MDL-1598 — In re Ephedra Products Liability Litigation

Southern District of California

Joanne Marlow, et al. v. Metabolife International, Inc., C.A. No. 3:01-2306

Middle District of Georgia

Margo A. Durrance, etc. v. Royal Numico, N.V., et al., C.A. No. 6:03-29

Eastern District of Kentucky

Stephanie Turner, etc. v. Rexall Sundown, Inc., C.A. No. 2:01-197

District of Massachusetts

George W. Winsor, etc. v. Metabolife International, Inc., et al., C.A. No. 1:02-10387

Western District of Pennsylvania

Shelli Schlafhauser, et al. v. Metabolife International, Inc., et al., C.A. No. 2:02-1450

Eastern District of Texas

Sandra G. Sinegal v. Metabolife International, Inc., et al., C.A. No. 1:03-92
Mario Ochoa v. Metabolife International, Inc., et al., C.A. No. 4:03-371
Bobbie J. Barnett v. Metabolife International, Inc., et al., C.A. No. 6:03-227

Northern District of Texas

Robert Donald Terrell v. Metabolife International, Inc., et al., C.A. No. 3:03-1013
Gary Townsend v. Metabolife International, Inc., et al., C.A. No. 3:03-1353
Teresa Villareal v. Metabolife International, Inc., et al., C.A. No. 4:03-606

Southern District of Texas

Ruth J. English v. Metabolife International, Inc., et al., C.A. No. 4:03-5387
Sandra Lee Parker v. Metabolife International, Inc., et al., C.A. No. 4:03-5419

Western District of Texas

Douglas Risley v. Metabolife International, Inc., et al., C.A. No. 3:03-395

NOTES

[*] Judges Selya and Motz did not participate in the decision of this matter.

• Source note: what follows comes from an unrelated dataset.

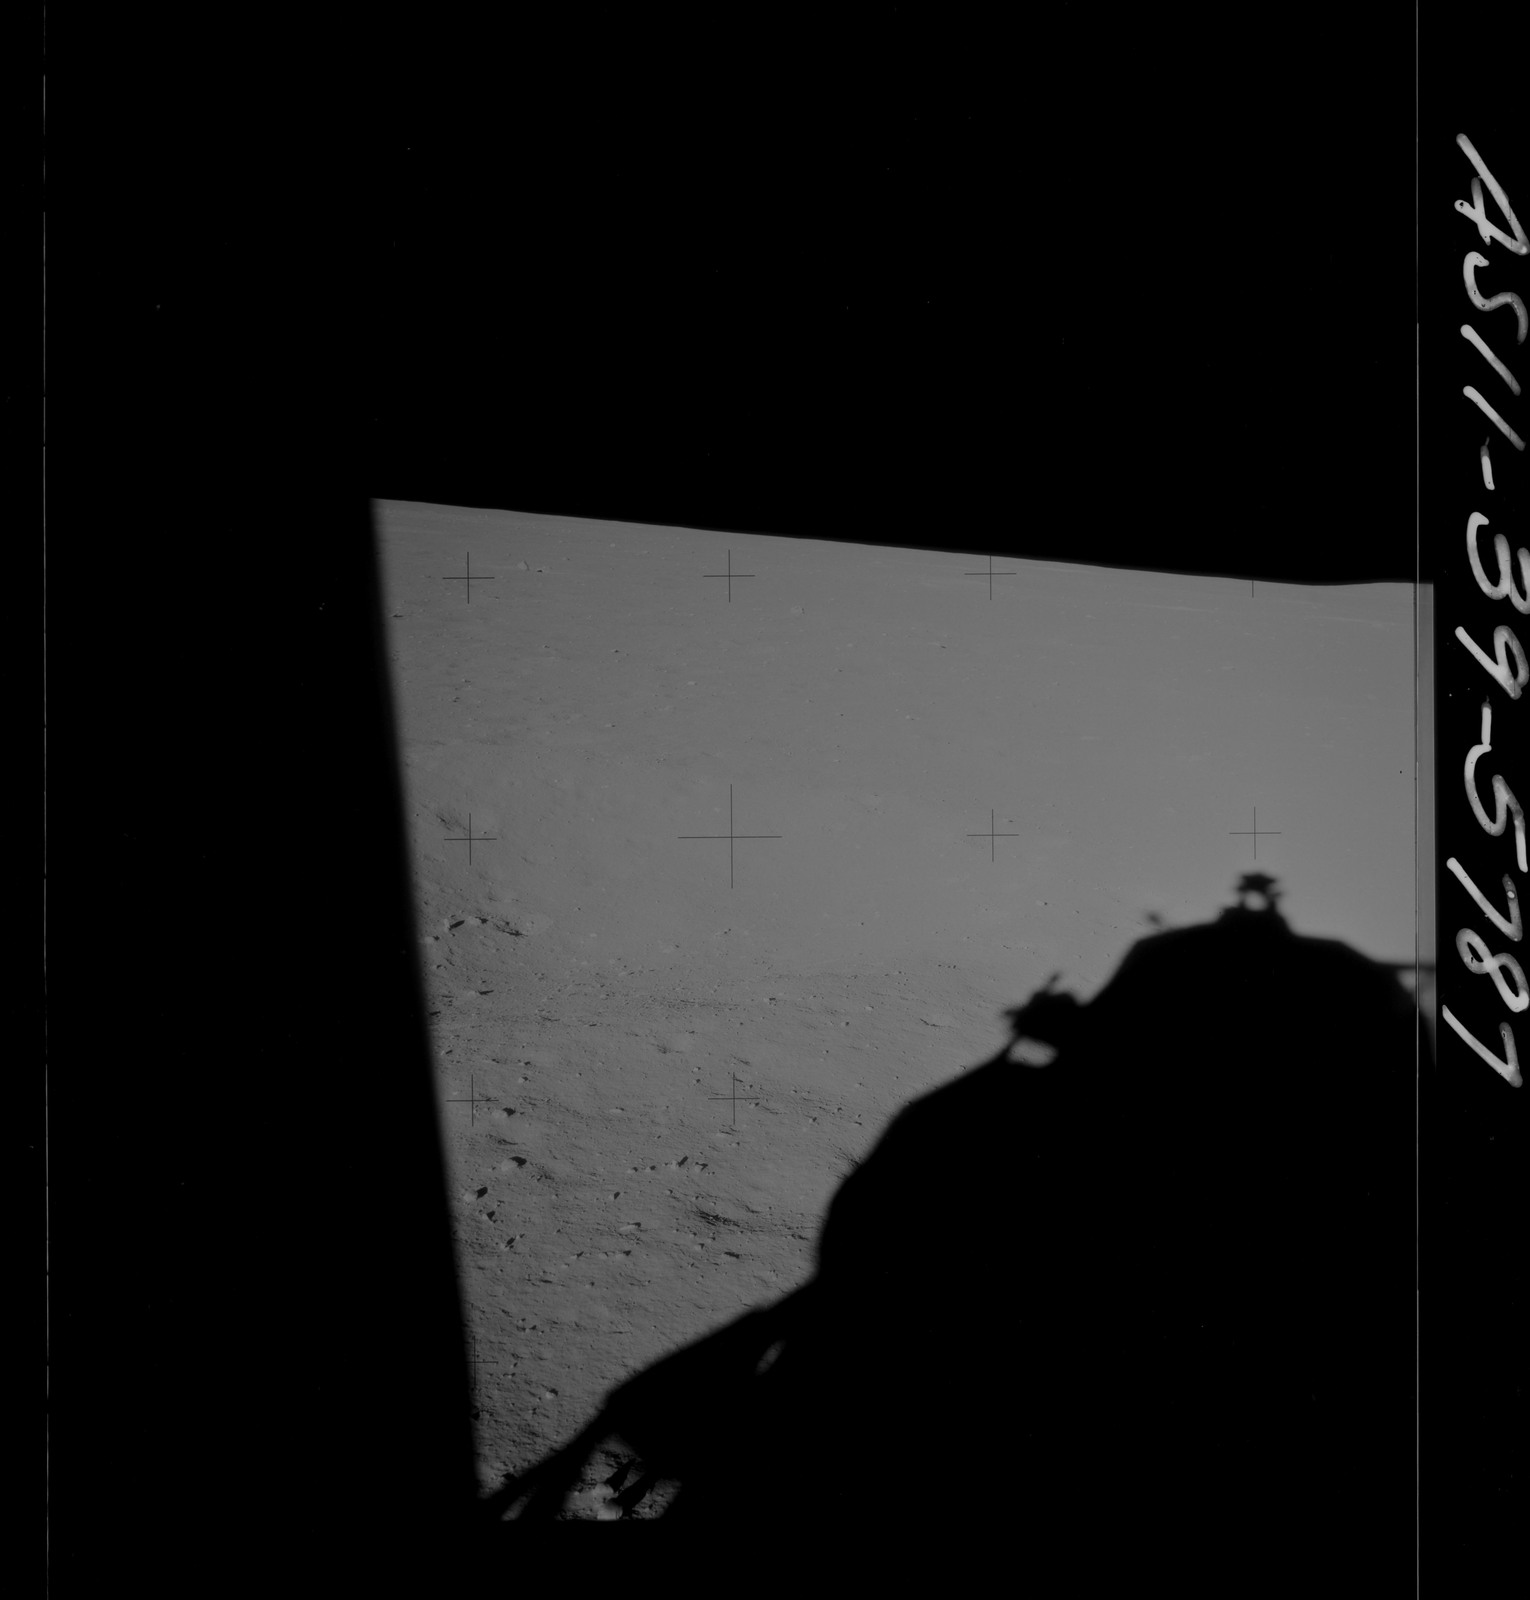 AS11-39-5787 - Apollo 11 - Apollo 11 Mission image - Shadow of Lunar Module on lunar surface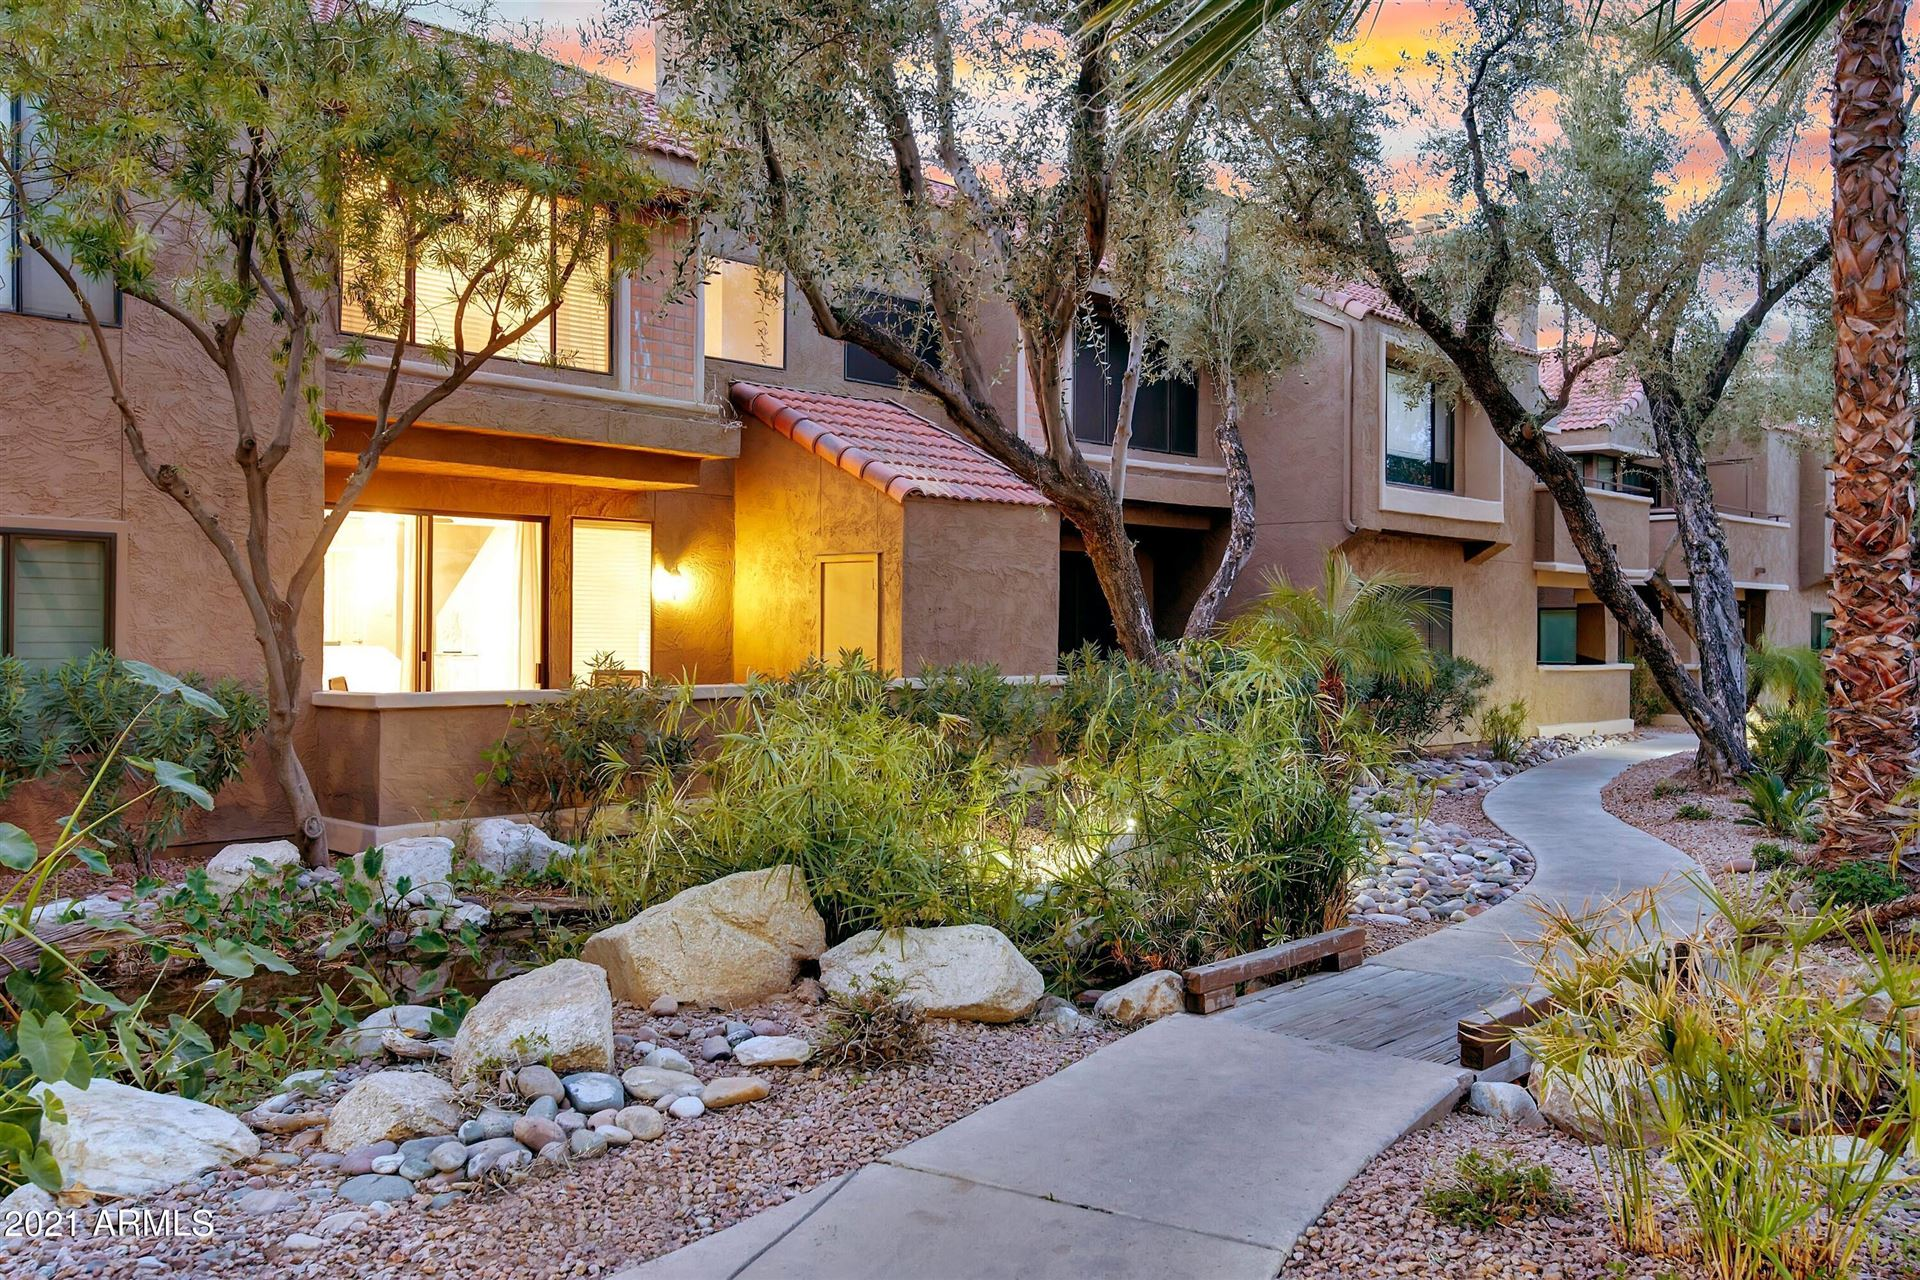 Photo of 5122 E SHEA Boulevard #1142, Scottsdale, AZ 85254 (MLS # 6200966)

[1] The Panel has been notified that an additional action included on the Section 1407 motion, Sherry Cox, etc. v. Metabolife International, Inc., S.D. Ohio, C.A. No. 1:01-643, was dismissed with prejudice on January 27, 2004. Accordingly, the question of Section 1407 centralization with respect to this action is moot.

The Panel has also been notified by various parties that approximately 200 potentially related actions have already been filed in federal districts throughout the United States. These actions and any other related actions will be treated as potential tag-along actions. See Rules 7.4 and 7.5, R.P.J.P.M.L., 199 F.R.D. 425, 435-36 (2001).

[2] Plaintiffs in some potentially related actions oppose inclusion of their actions in MDL-1598 proceedings, because of the allegedly advanced stage of proceedings in their respective actions.

[3] Metabolife International, Inc.; The Chemins Company, Inc.; Vitaquest International, Inc.; NVE, Inc.; Cytodyne International, LLC; Cytodyne, LLC; Cytodyne I, LLC; Phoenix Laboratories, Inc.; General Nutrition Companies; Nutraquest, Inc. (Nutraquest) (formerly known as Cytodyne Technologies, Inc.); RS OLDCO, Inc. (formerly known as Rexall Sundown, Inc.); RL OLDCO, Inc. (formerly known as Richardson Labs, Inc.); Herbalife International; Natural Balance, Inc.; MuscleTech Research & Development, Inc.; Nutramerica Corporation; Trim Spa Corporation; Goen Technologies Corporation; Weight Loss Labs, Inc.; Goen Group; Alexander Szynalski; Albert M. Fleischner; Nittany Pharmaceuticals; and Twinlab Corporation, Twin Laboratories Inc. and Twin Laboratories (UK) Ltd. (collectively referred to as the Twinlab defendants).